Sunday, September 13, 2015

Marvelous Middle Grade Monday - Agatha, Girl of Mystery: The Kenyan Expedition

I enjoy reading mysteries, and it was fun to find one that is suitable for younger readers. After a summer of vacations and erratic schedules, this is a good one for easing back into reading.

A rare species of white giraffe, worshipped by the Masai tribe, has disappeared from the savannah. So Agatha and her cousin Dash head to Africa on their next adventure to help solve the mystery. There, they join forces with a third cousin--a safari expert--to track down the poacher who has stolen the priceless animal.
Agatha, Girl of Mystery: The Kenyan Expedition by Sir Steve Stevenson, illustrated by Stefano Turconi, Grosset & Dunlop, 2015.

My Take:

This is a fun, straightforward mystery for kids who are just starting to become interested in reading mysteries and finding clues. I’ve never read any of this series before, but I liked the detective team of Agatha and her cousin Dash, and their sidekicks Agatha’s butler Chandler and the cat, Watson. Readers who are new to this series might be a bit surprised when the first chapter is about Dash, since Agatha is in the title. This one has the threat of danger and a time pressure to find the giraffe, which keeps the story moving.

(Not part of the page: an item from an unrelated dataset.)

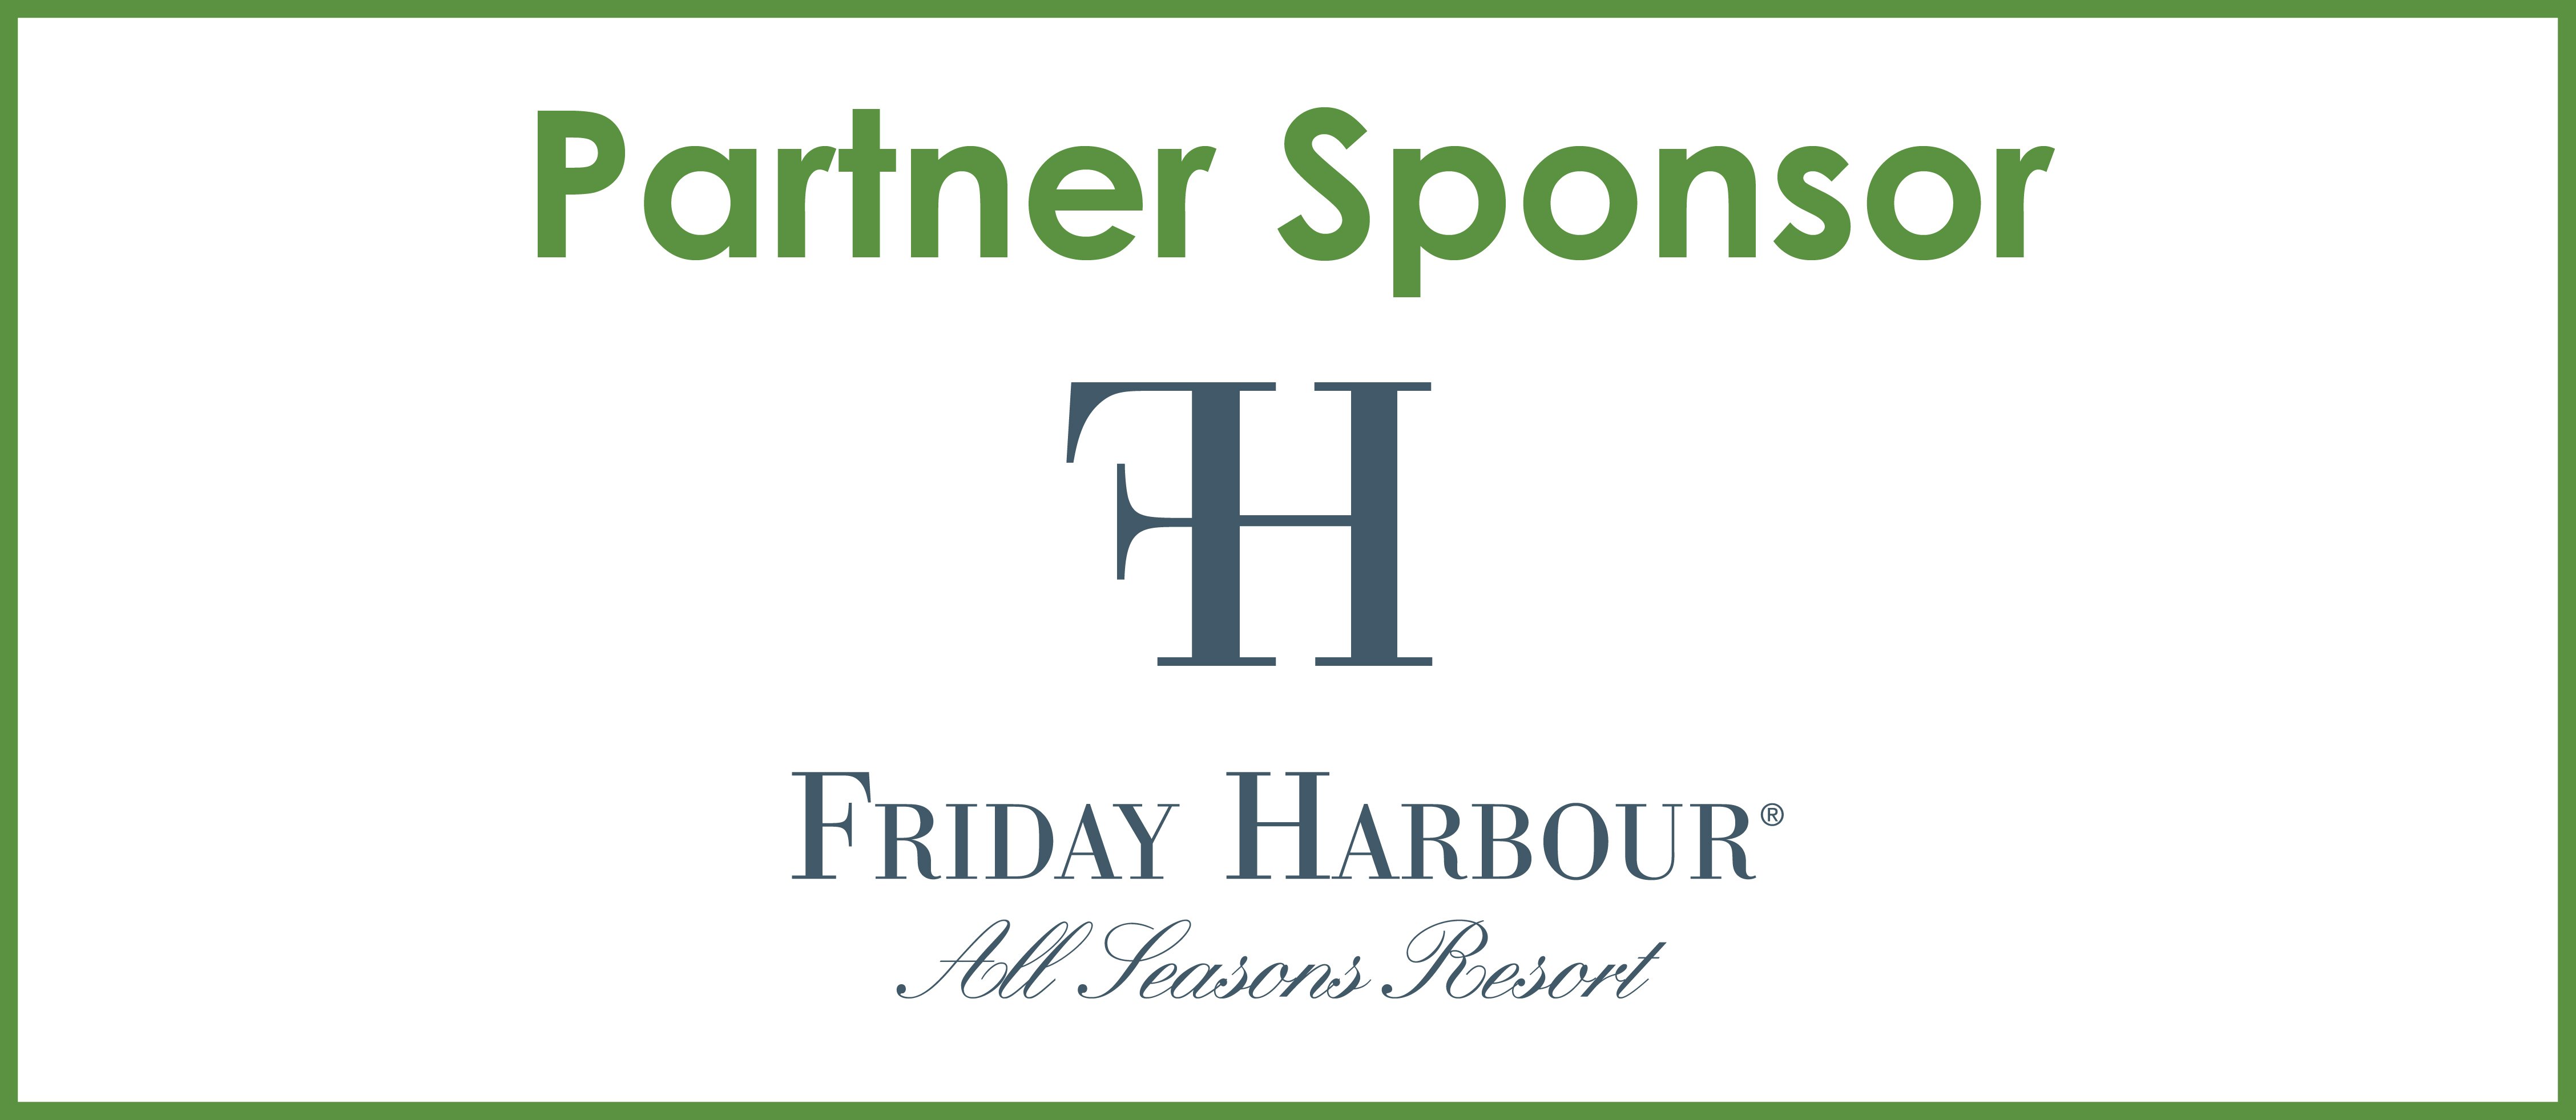 Partner sponsor logo

As a writer, what I admired about this book was the liveliness and energy. I can see why it would be popular with young readers.

Opening Line:

“In a central-London penthouse packed full of high-tech devices lived Dashiell Mistery, an aspiring detective with a passion for technology.”


“…the shelves of her bedroom were stuffed with notebooks she’d filled up with curious details, plot outlines, and character descriptions.”

“His joke made them laugh so hard that all the birds perched in a nearby acacia took flight.”

“A small but ferocious feline launched itself into the middle of the thundering dust cloud, and the herd of large animals veered off and thundered away.”

Other Info:

Sir Steve Stevenson is the pseudonym for an Italian the pseudonym used by Mario Pasqualotto, an Italian writer who spent many years writing for Italian gaming magazines. His motto is “Every person is a beautiful story.”

The illustrator, Stefano Turconi, lives in Italy.

If you like this one, there are many other books in the Agatha, Girl of Mystery series.

For more middle grade book recommendations, visit Marvelous Middle Grade Monday on Shannon Messenger's blog!


  1. The setting makes this sound interesting right away. Sounds like a great series for newer middle graders.

  2. Perfect selection as I have been looking for a books of this type for new and reluctant readers. So many intriguing aspects in this series.

  3. Perfect selection as I have been looking for books that new middle grade readers might enjoy. So many great aspects to this series. Thanks for featuring.

  4. Imagine having a butler as your sidekick. Cool!

    Illustrated books are great for readers just getting into middle grade.

  5. It is hard to find mysteries for this age. Thanks for the review.